TextScanner Update

Many years ago, I posted a TextScanner on flipcode as a code of the day. In the years since, I've continued to use it, and it's accumulated a few new features, and a couple of bug fixes. I know a lot of people use it, so here's an update. New features include Unicode support, some path parsing functions, a Python-esque split and join function (and an infinitely faster C array oriented one), and support for parsing ILM's OpenEXR types. The original sample code is at the bottom to demonstrate the spirit of usage - it hasn't been re-compiled against this latest version of the library. Note that the Unicode <> UTF8 conversion routines are specific to Windows.

Note also that the TextSplitter class is not production quality code. It uses magic numbers, modifies the string that was passed in, and doesn't bounds check - it'll simply kill memory. This perfectly suited my needs, and so I left it at that. Writing it properly is left as an exercise for the reader ;)
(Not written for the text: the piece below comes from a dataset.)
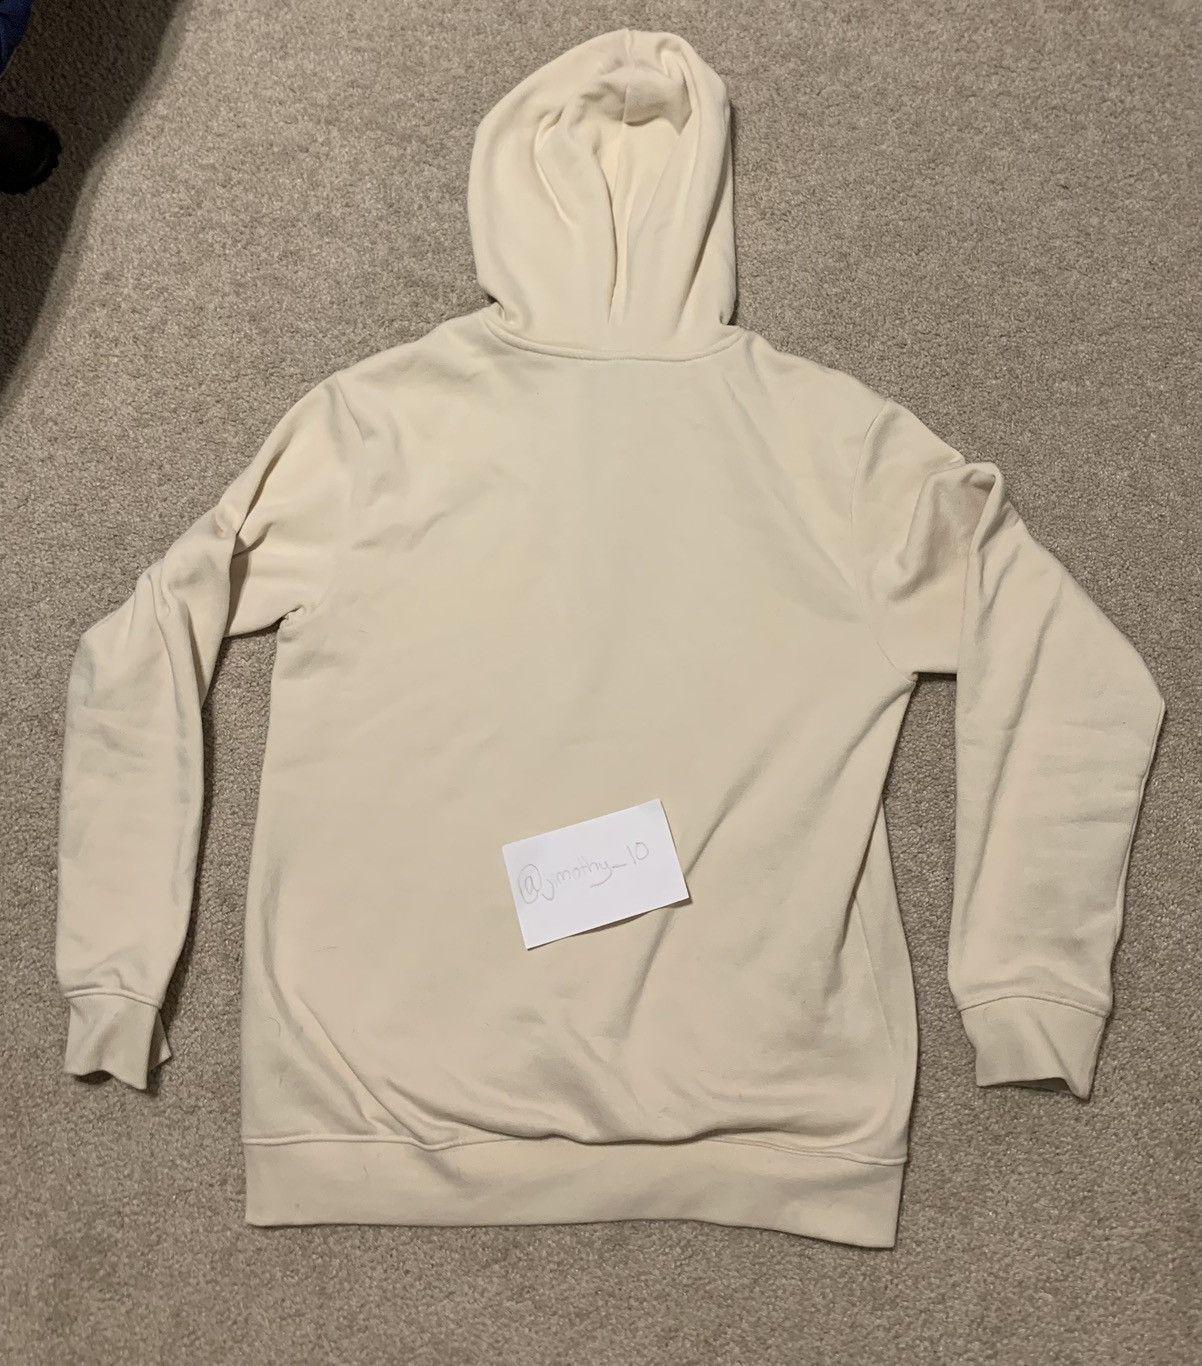 H&M H&M 'NY83' Hoodie Size US M / EU 48-50 / 2 - 2 Preview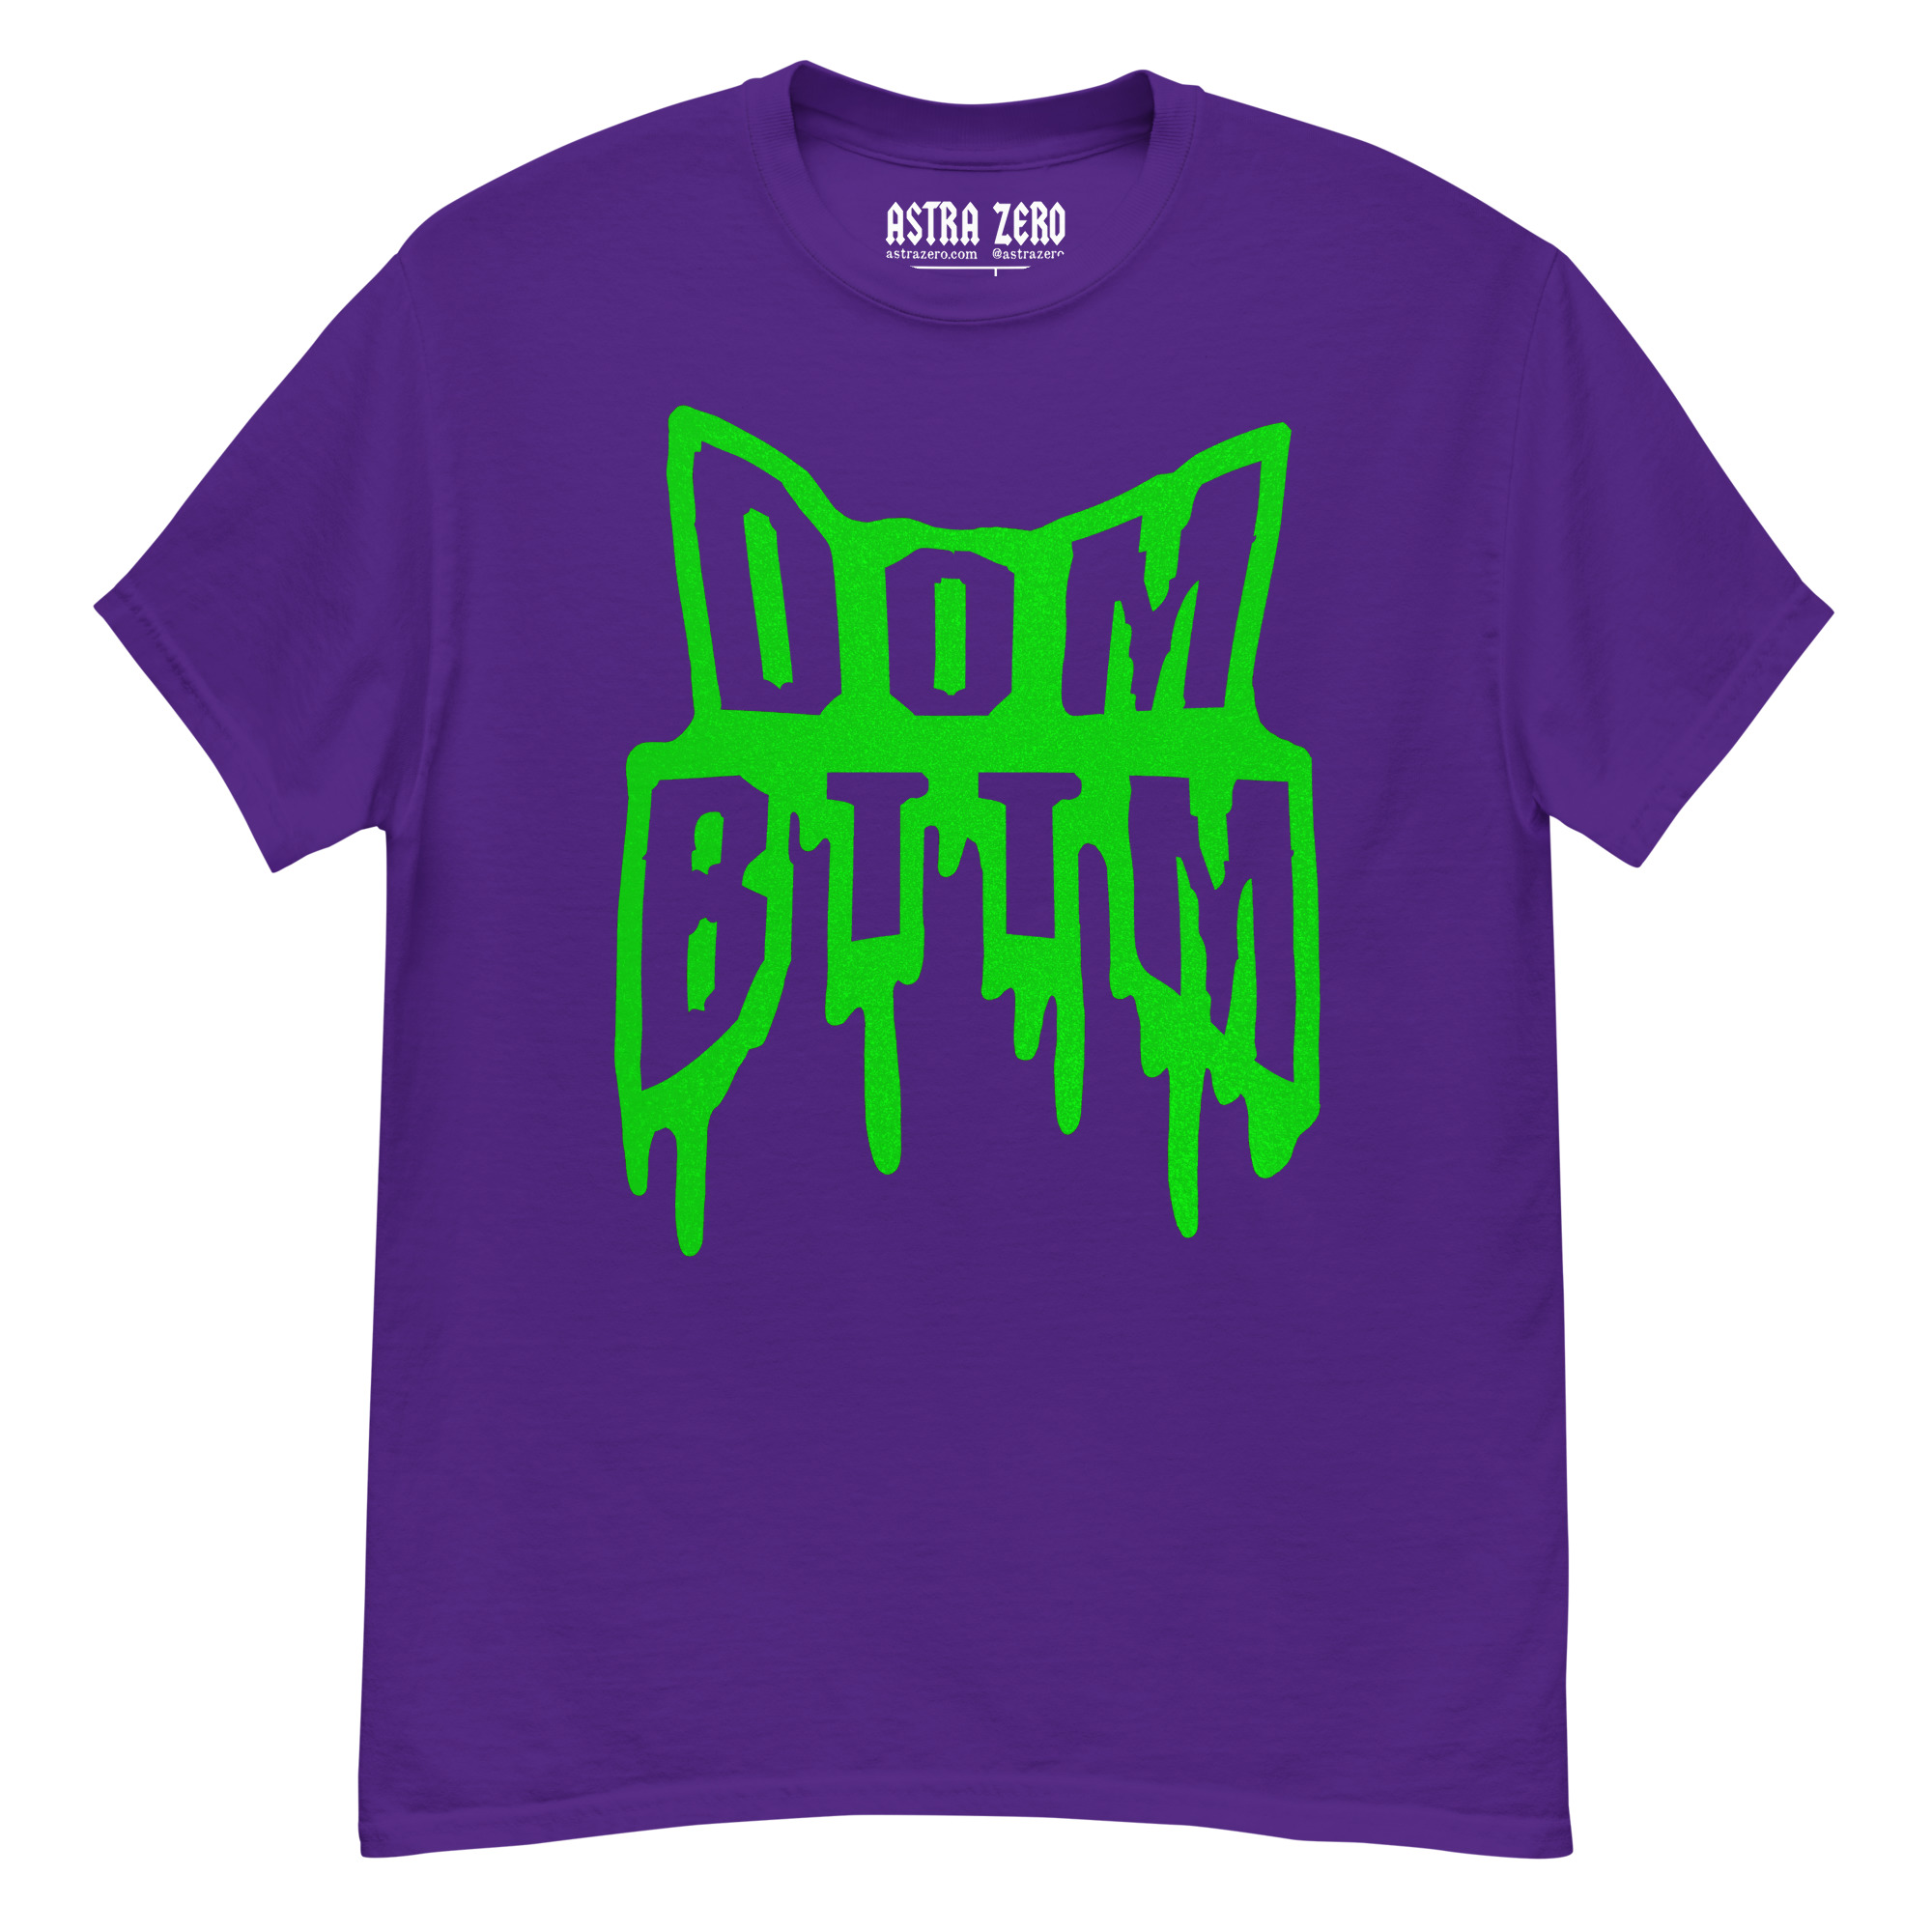 Featured image for “DOM BTTM SLIME - Men's classic tee”

Download TextScanner.h and TextScanner.cpp

 

Here's the original blurb from flipcode:

 

This is a text scanner that's stood me in good stead for many years. I've written zillions of parsers with it, and a couple of compilers. It's really minimal, and stateless. As a minimal stateless thing, it is simply a C style interface wrapped in a namespace. You can certainly wrap it in a class if you wish, which is how this code started out, but I've found it much more flexible as a C style API. It operates on a block of text loaded into memory. There are no files or iostreams involved. stdint.h is lifted out of the C99 specification. You can substitute any typedefs you wish; i used it because it was convenient. There's obviously lots of things not included - like substring matching, and some odd things included, like scanning past C++ style comments. Basically, the functions that got used a million zillion times over the years have stayed, and all the other stuff is gone. The interface is really easy to use. You pass in a pointer to where you are now in the text, and a pointer to the end of the text. The routine you call does its thing, and passes back a pointer to the next edible character. You can use that pointer as the new current pointer, or you can forget it and reuse your old current pointer to do something else. I've attached a simple Wavefront OBJ file reader to demonstrate how the TextScanner works. Use the code any way you wish; you assume all responsibility for its correctness and suitability should you use it. - nick

 
WavefrontOBJParser.cpp:

 

// standard libraries
#include <vector>
using std::vector;
#include "TextScanner.h"// model reader package
#include "ModelReader.h" void Model::ReadWavefrontOBJ(char* pSource, int dataSize)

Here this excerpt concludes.